"What are you doing?" Katie spoke in a low voice over Carmen's shoulder.
Carmen jumped. "Nothing," she answered too quickly, her face growing warm.
Katie lifted her brows. "You're ogling my brother, aren't you?"
There was little point in denying the fact that she was watching Alex - and enjoying what she was seeing. "If you knew," she snapped, "then why did you ask?" She turned to the next stall. Now Katie was going to think her cupid act was working.
Katie followed Carmen, her voice a mixture of surprise and humor. "To see if you'd admit it, I guess." She continued to watch Carmen thoughtfully. "Come on, he's not that good looking."
Carmen's face burned even hotter. "I didn't say he was good looking at all. I was just trying to make sure he put the water in the correct stalls."

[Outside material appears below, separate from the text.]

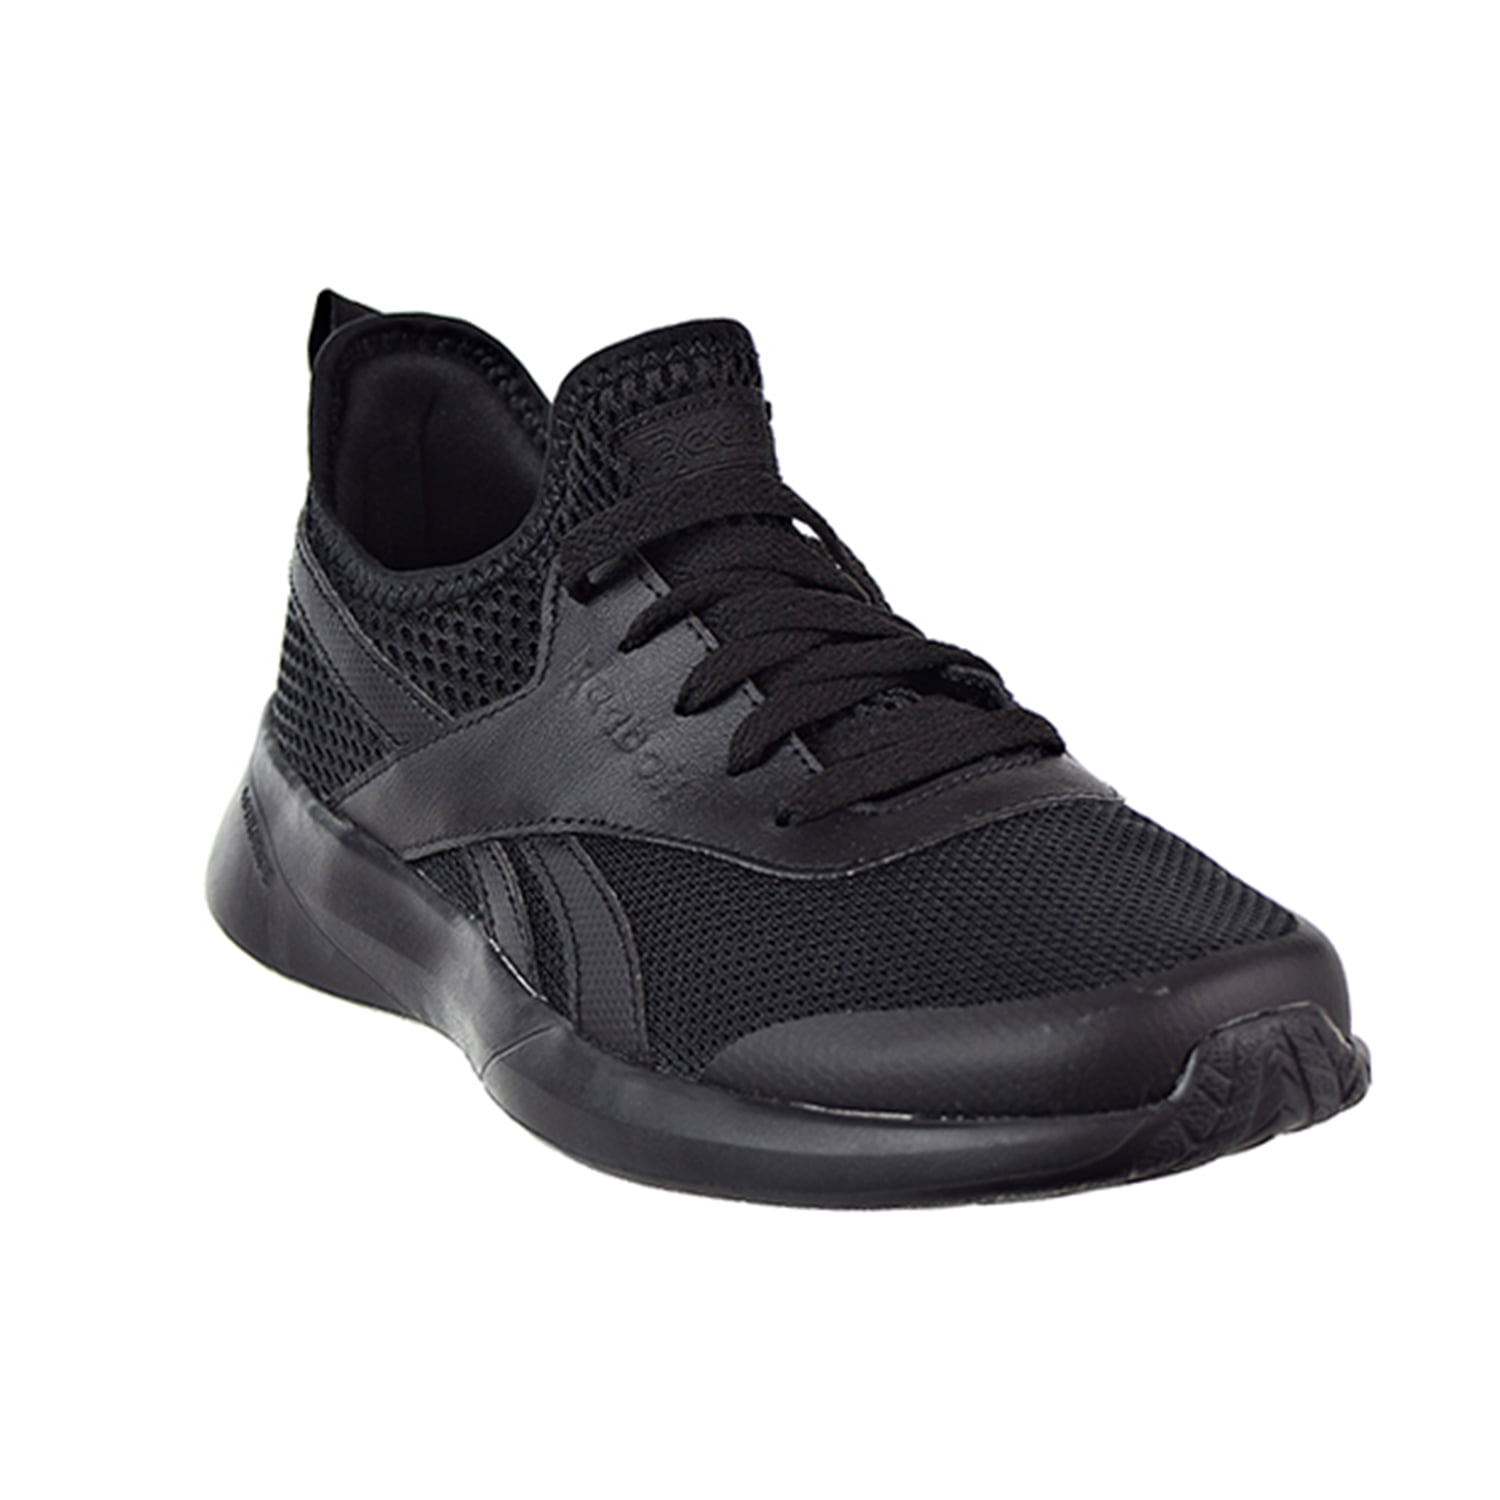 Reebok - Reebok Royal EC Ride 2 Unisex Shoes Black cm9368 - Walmart.com -  Walmart.com

It was one thing to covertly admire Alex, but quite another to stand here discussing him as though he were high dollar merchandise at a low bid auction . . . and why was Katie so concerned? Shouldn't she feel victorious? Carmen shrugged off an uncomfortable feeling that something was amiss.
"Are there any more goats in labor?"
"I don't know," Katie answered, dropping the subject as Alex approached. "It's supposed to rain tonight. It's so warm out there - like spring. That's probably what brought the kidding on."
Alex paused beside them. "Will the Toggenburg kid develop markings like its mother when it matures?"
Carmen sighed. Finally, a subject she could discuss by the hour without feeling uncomfortable.
"No, I used a Saanen buck. That's why the kid is all white."
"What about the Lamancha? What happened to its ears? Did they freeze off?"
Katie giggled. "No, that's just a characteristic of the breed. It's a descendant of the Mexican earless goat."
Alex nodded, soberly absorbing the information. Was he actually interested, or was he already bored? He glanced around. "What else do you have?"
"Follow me." Carmen led him through the dairy. If he wasn't genuinely interested, he was going to be as bored as Josh was with the dairy. Now there was a thought. Bore him completely out of her hair. Maybe then she could get some work done. They left Katie behind in the dairy and entered the other side of the barn.
"We have a barn on each side of the dairy." Carmen began the tour as if it were a documentary. "We bring the goats in from this side and let them out the other when we're milking, but during the inclement days they stay in this barn."